# Any British Expats in Cape Town?



## CCSA (Oct 24, 2011)

I'm currently living in Cape Town southern suburbs and am keen to meet other British Expats in the area to share stories and experiences. I'm in my 30's and am currently a stay at home Mum. Please get in touch if you would like to meet up!


----------



## callwright (Oct 23, 2012)

*Northern Suburbs*

Hi

Im also in Cape Town from the UK. We have been here since May and Im currently at home all day as my work visa hasnt come through (11 weeks and still counting!). Im so bored.... in my late 30's and would love to meet like minded ladies for daytime company.
:clap2:


----------



## jasa_uk (Nov 5, 2012)

Hello there,


Another early thirties Brit, soon to be moving to Cape Town. I have spent the best part of the last three years in Swaziland and Johannesburg and feel as if I have had rather a hiatus from 'real' life. You know, the one where you DO things at evenings and weekends. I am so tired of Jozi and can't wait for all the variety of CT! I would love to meet up with other expat Brits, please do send me a message on here if you would like to start a 'get to know' sort of conversation.

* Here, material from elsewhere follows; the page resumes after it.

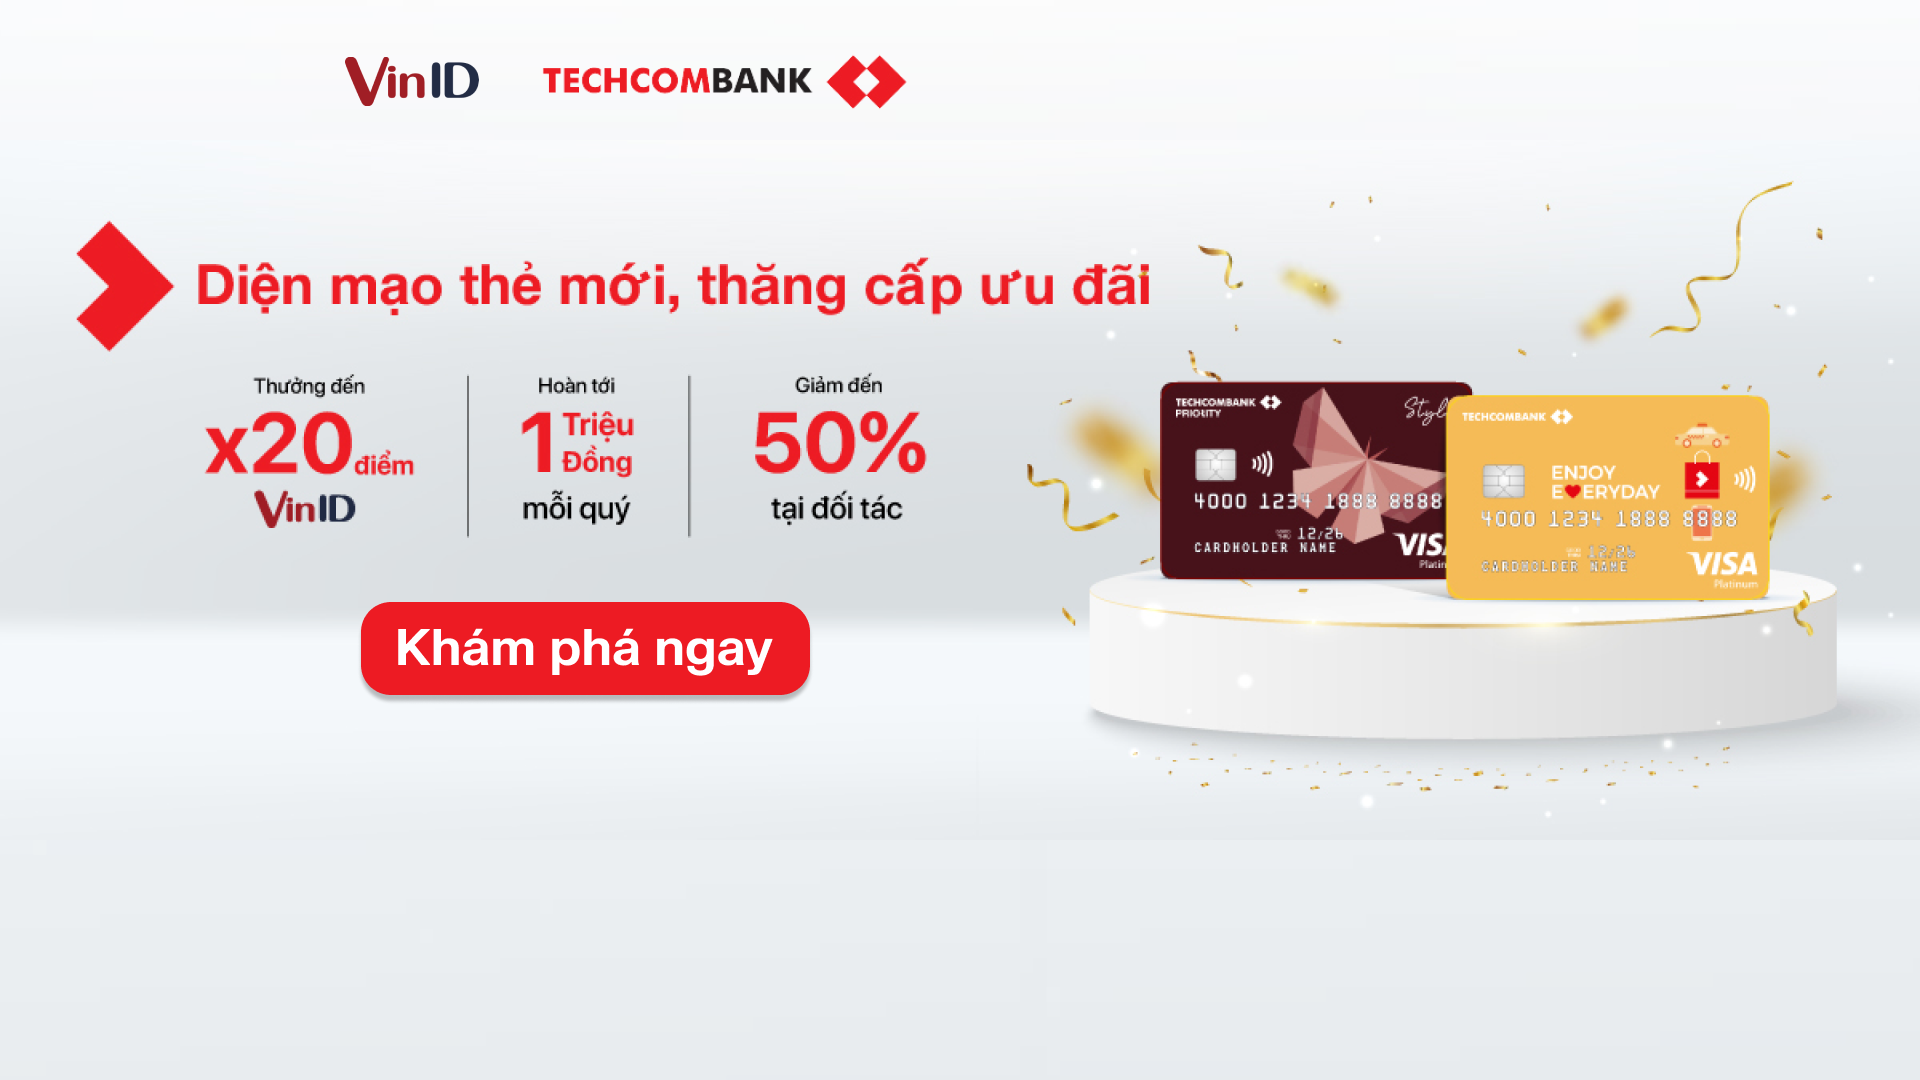 Lợi ích khi sử dụng thẻ tín dụng Techcombank Everyday là gì?

In brief: love books, rowing, beaches... I write for various companies via the internet, hence can move around as and when. Boyfriend is a South African in Joburg but I just can't deal with this anonymous city any longer. We will figure something out. 


Best wishes,

Jane


----------



## chris rossouw (Nov 8, 2012)

Hi 

I am currently in Cape Town and would like to meet with as many expats as possible. Any contacts would be appreciated.

My email address is alpha_diagnostics at hotmail dot com

Best wishes

Chris


----------